4. Test: Compile and run the code on a single processor for n=8 and 10 iterations of evolution to check
that it produces a set of correct state conﬁgurations. Use xv to view the resulting arrays to check that
your code is working. After checking correctness, you can comment out the print statements inside the
loop and keep the ﬁnal print of the ﬁnal board.

And in my C syllabus i have only covered these topics so it has to be done according to these cahpters knowledge..
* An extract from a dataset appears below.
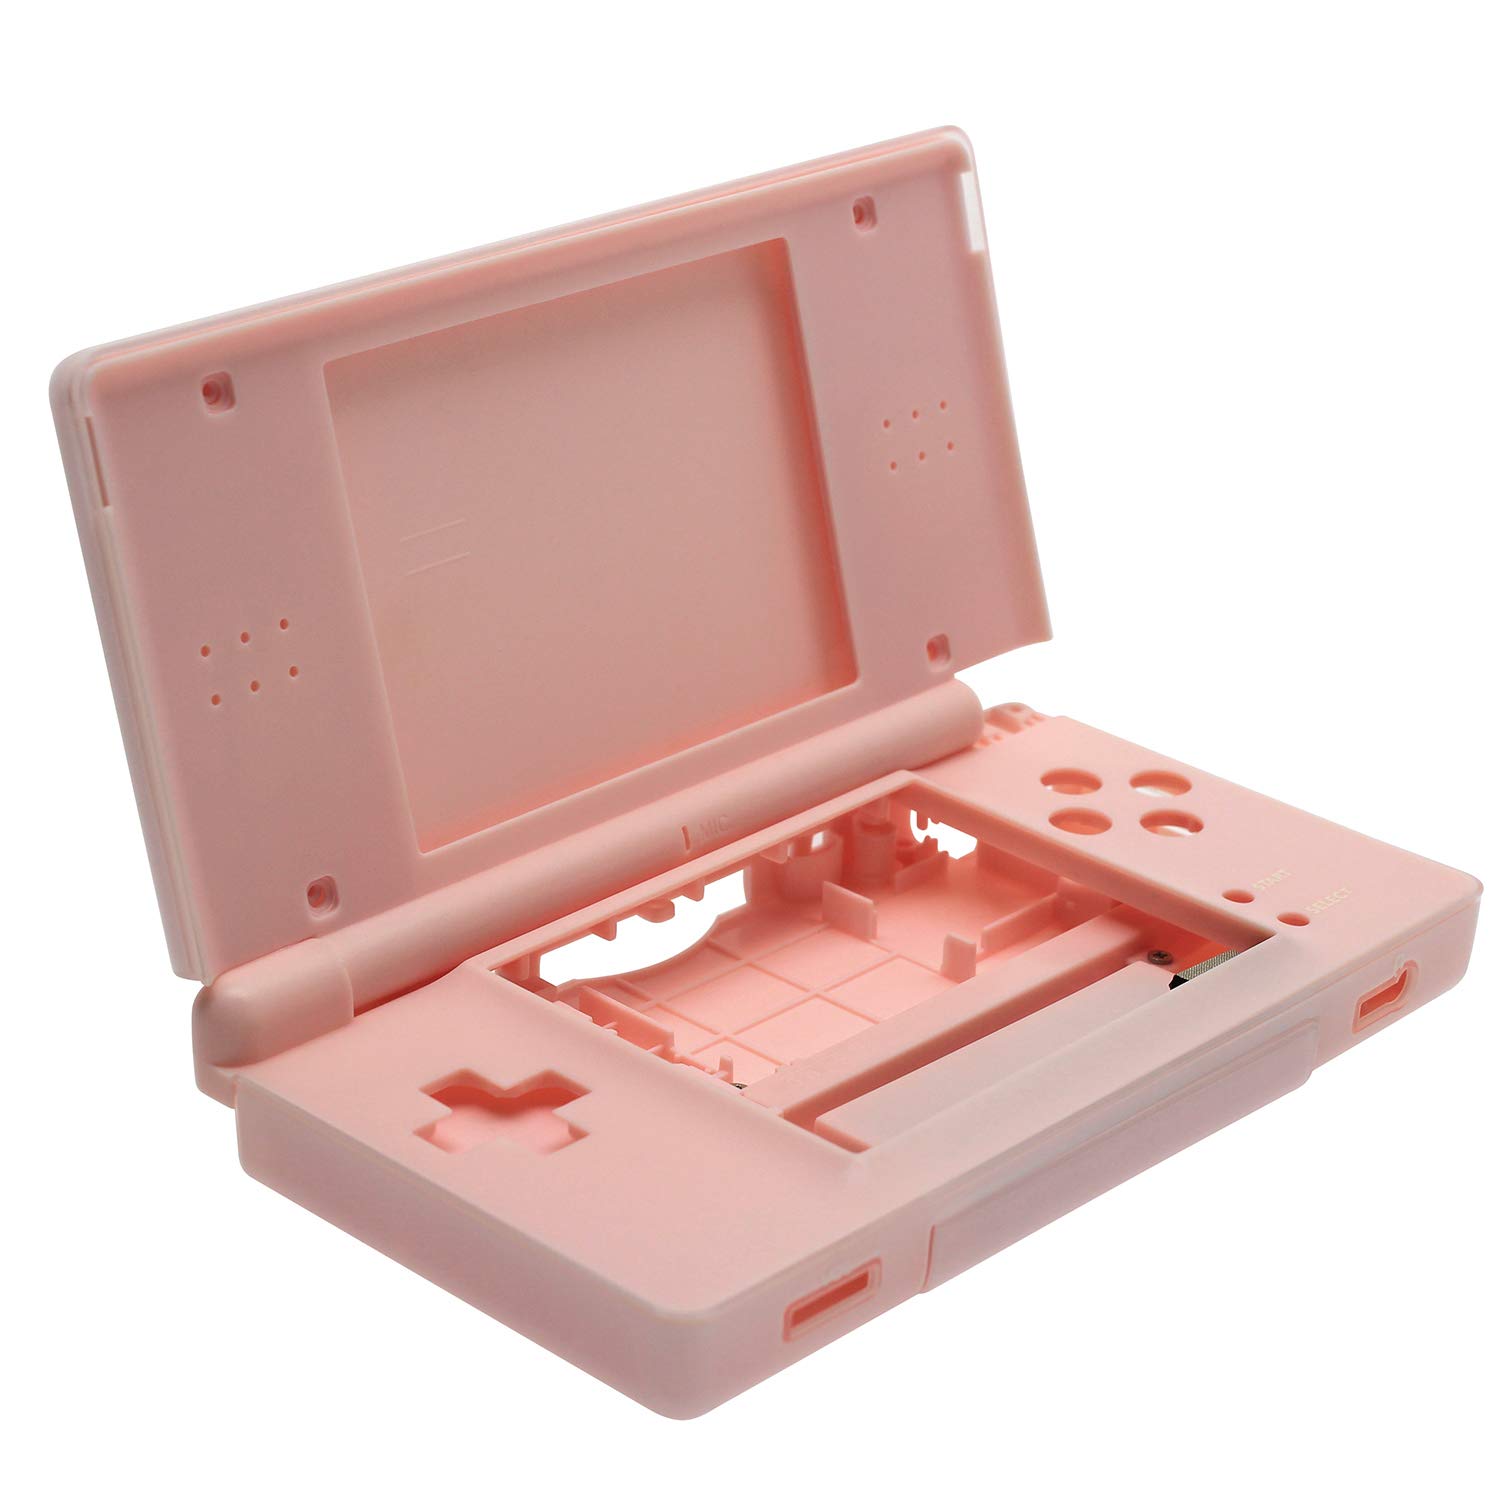 OSTENT Full Repair Parts Replacement Housing Shell Case Kit for Nintendo DS Lite NDSL Color Pink
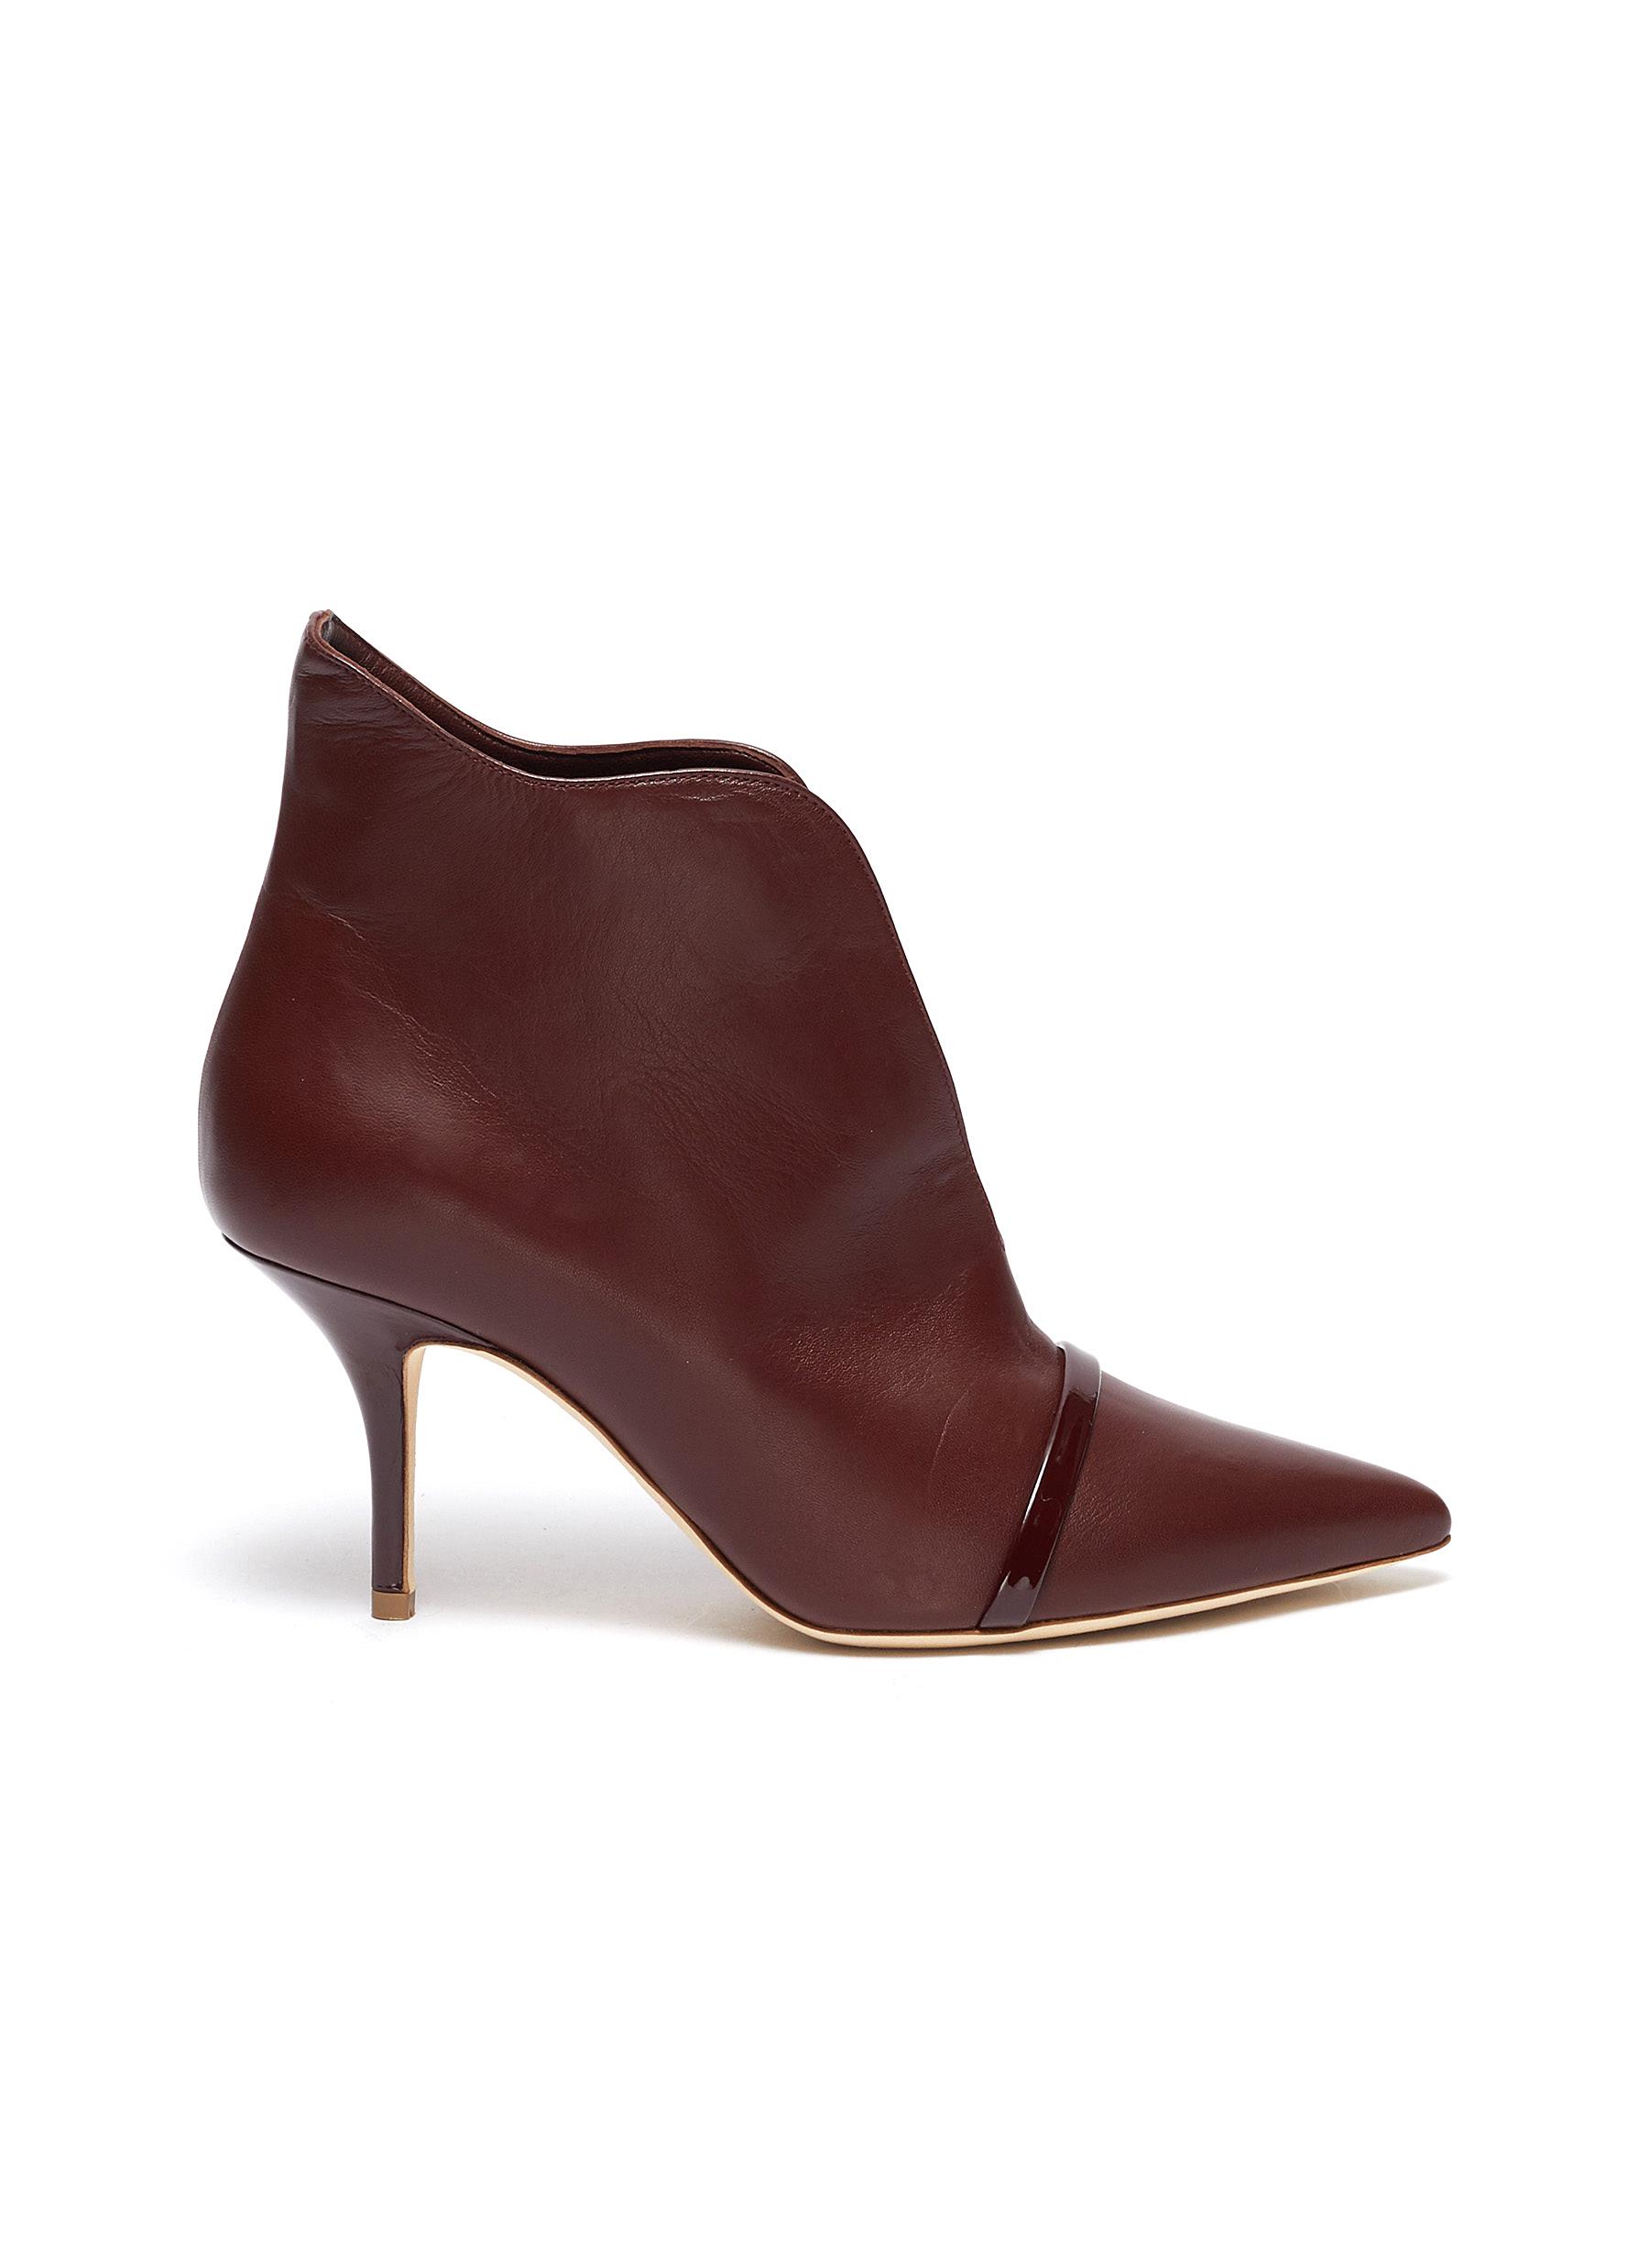 Cora leather ankle boots by Malone Souliers

Lecture 1 - Datatypes, input, output
Lecture 3 - Operators, Preprocessors,
Conditions
Lecture 4 - Introduction to Functions
Lecture 5 - More on Loops and Functions,
Type conversion
Lecture 6 – Arrays
Lecture 7 - String, Enumeration
Lecture 8 - File manipulation

My pice of code is..

```#include <stdio.h>

int min(int a, int b)
{
if ( a < b )
return a;
return b;
}

int max(int a, int b)
{
if ( a > b )
return a;
return b;
}

int game_board[11][11] = {
/*  1  2  3  4  5  6  7  8  9  0  1 */
{ 1, 0, 0, 0, 0, 0, 0, 0, 0, 0, 1 },
{ 0, 1, 0, 0, 0, 0, 0, 0, 0, 1, 0 },
{ 0, 0, 1, 0, 0, 0, 0, 0, 1, 0, 0 },
{ 0, 0, 0, 1, 0, 0, 0, 1, 0, 0, 0 },
{ 0, 0, 0, 0, 1, 0, 1, 0, 0, 0, 0 },
{ 0, 0, 0, 0, 0, 1, 0, 0, 0, 0, 0 },
{ 0, 0, 0, 0, 1, 0, 1, 0, 0, 0, 0 },
{ 0, 0, 0, 1, 0, 0, 0, 1, 0, 0, 0 },
{ 0, 0, 1, 0, 0, 0, 0, 0, 1, 0, 0 },
{ 0, 1, 0, 0, 0, 0, 0, 0, 0, 1, 0 },
{ 1, 0, 0, 0, 0, 0, 0, 0, 0, 0, 1 }
};

int count_alive_neighbors(int board_width, int board_height, int x, int y)
{
int start_x, start_y;
int end_x, end_y;
int i, j;
int alive_neighbors = 0;

/*
* XXXXXXXXX
* XXXXXXXXX
* XXXXXXXXX
* XXXXXXXXX
* XXXX0XXXX
* XXXXXXXXX
* XXXXXXXXX
* XXXXXXXXX
* XXXXXXXXX
*/

start_x = max(x-4, 0);
start_y = max(y-4, 0);
end_x   = min(x+4, board_width-1);
end_y   = min(y+4, board_height-1);

for(i = start_x; i < end_x; i++) {
for(j = start_y; j < end_y; j++) {
if ( i != x && j != y )
alive_neighbors += (game_board[i][j] == 1);
}
}

return alive_neighbors;
}

void update_cells_life(int board_width, int board_height)
{
int tmp_board[11][11];
int i, j;
int nb_alive_neighbors = 1;

for(i = 0; i < board_width; i++) {
for(j = 0; j < board_height; j++) {
tmp_board[i][j] = game_board[i][j];
}
}

for(i = 0; i < board_width; i++) {
for(j = 0; j < board_height; j++) {
nb_alive_neighbors = count_alive_neighbors(board_width, board_height, i, j);
if ( nb_alive_neighbors == 3 )
tmp_board[i][j] = 1;
else if ( nb_alive_neighbors != 2 )
tmp_board[i][j] = 0;
}
}

for(i = 0; i < board_width; i++) {
for(j = 0; j < board_height; j++) {
game_board[i][j] = tmp_board[i][j];
}
}
}

void display_board(int board_width, int board_height)
{
int i, j;

printf("\n");
for(j = 0; j < board_height; j++) {
for(i = 0; i < board_width; i++) {
if ( game_board[i][j] == 1 ) {
printf("X");
} else {
printf(" ");
}
}
printf("\n");
}

}

int main()
{
int iteration = 0;

for(;;) {
printf("Iteration %d:\n", iteration++);
display_board(11, 11);
getchar();
update_cells_life(11, 11);
}

}
```

just tell me if its ok..??

And a friend told me i can do it using PREPROCESSORS.. can anyone tell me how and wat code to put ?? thanxx

Is This A Good Question/Topic? 0

## Replies To: Game of life in C .plz check

### #2 baavgai

• Dreaming Coder

Reputation: 4950
• Posts: 11,358
• Joined: 16-October 07

## Re: Game of life in C .plz check

Posted 06 April 2008 - 08:05 AM

You should reasonably be able to tell if it's ok if you run it and it works.

Still, one that jumped out ( everything else looks fine at first glance ) was this:
```start_x = max(x-4, 0);
start_y = max(y-4, 0);
end_x   = min(x+4, board_width-1);
end_y   = min(y+4, board_height-1);

```

What's with the "4"? Shouldn't it be "1"?